いつもはぽやーっとした羽居であるが、ときどきこんな背筋が粟立つような怪しさも見せることがある。途端に日々の痴態の記憶が脳裏を過ぎり、力が緩んだ蒼香の手を振り払って――
「あっ……」
「うふふふ……朝からビンカンなんだ、蒼香ちゃんの身体……」
羽居の手が、片手で薄い蒼香の胸をまさぐる。
たぷたぷと手のひらに余るほどある羽居の乳房とはちがい、微かに盛り上がった、という程度の蒼香の少女の胸を、円を描くようにして撫でる。
それだけで思わず声が上がってしまう蒼香であった。
そしてもう片手は股間に添えられる。
指の腹でさするように、柔らかな蒼香の女性の丘を撫でる。
「んっ……あ……」
「……やっぱり無いなぁ、蒼香ちゃん……」
「ほ、ほっとけそんなの……」
羽居の声を、自分に対する胸への当てつけだと感じた蒼香が悔しそうに呻く。
だが……何かが違うことにまたしても蒼香は気が付いた。
「……なんだこれ」
お尻に後ろから、しこりみたいなものが押しつけられる。
棒のような、ボールのような何かが自分と羽居の腰の間に挟まっている。ベッドの中になにか間違って入り込んだんだろうか?と思うような異物感。

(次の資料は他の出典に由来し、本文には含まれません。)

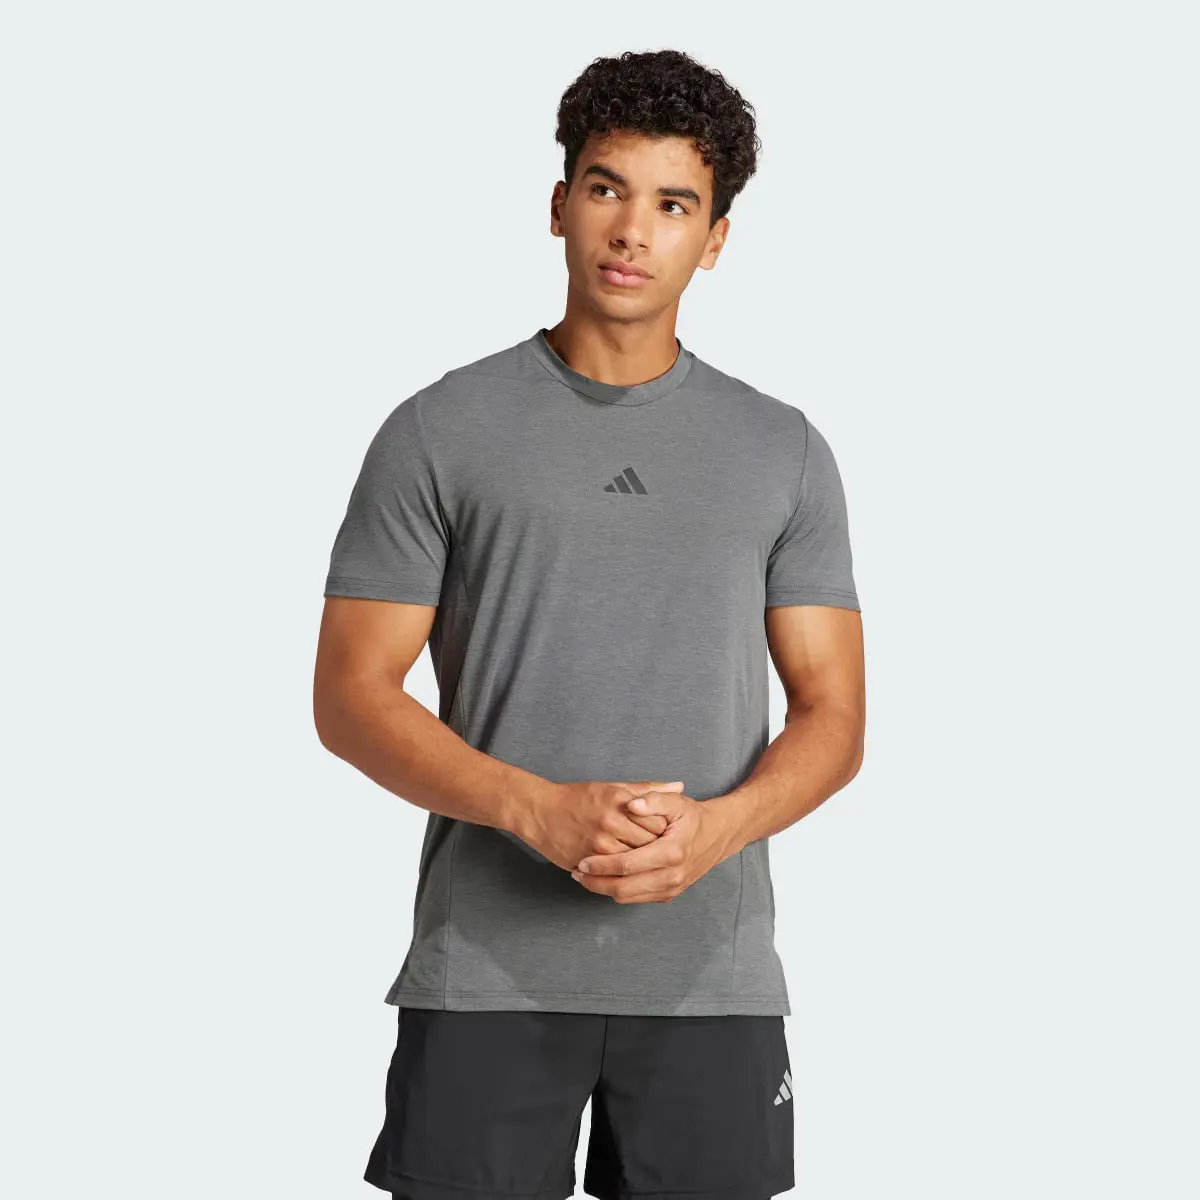 Adidas T-shirt Designed for Training Workout. 2

だが、それはもそもそと身体を動かす羽居と一緒に動いている。
羽居はその、ベッドの中の異物を取り出そうと手を伸ばすが――
「あんっ!」
羽居が甘い声を上げる。
蒼香の手には、それが……羽居のパジャマの中に入った、もっこりとしたふくらみを持つ、おまけに体温を帯びた何かであると感じられる。ズボンの中に何を入れてるんだ?と思って蒼香がまさぐると……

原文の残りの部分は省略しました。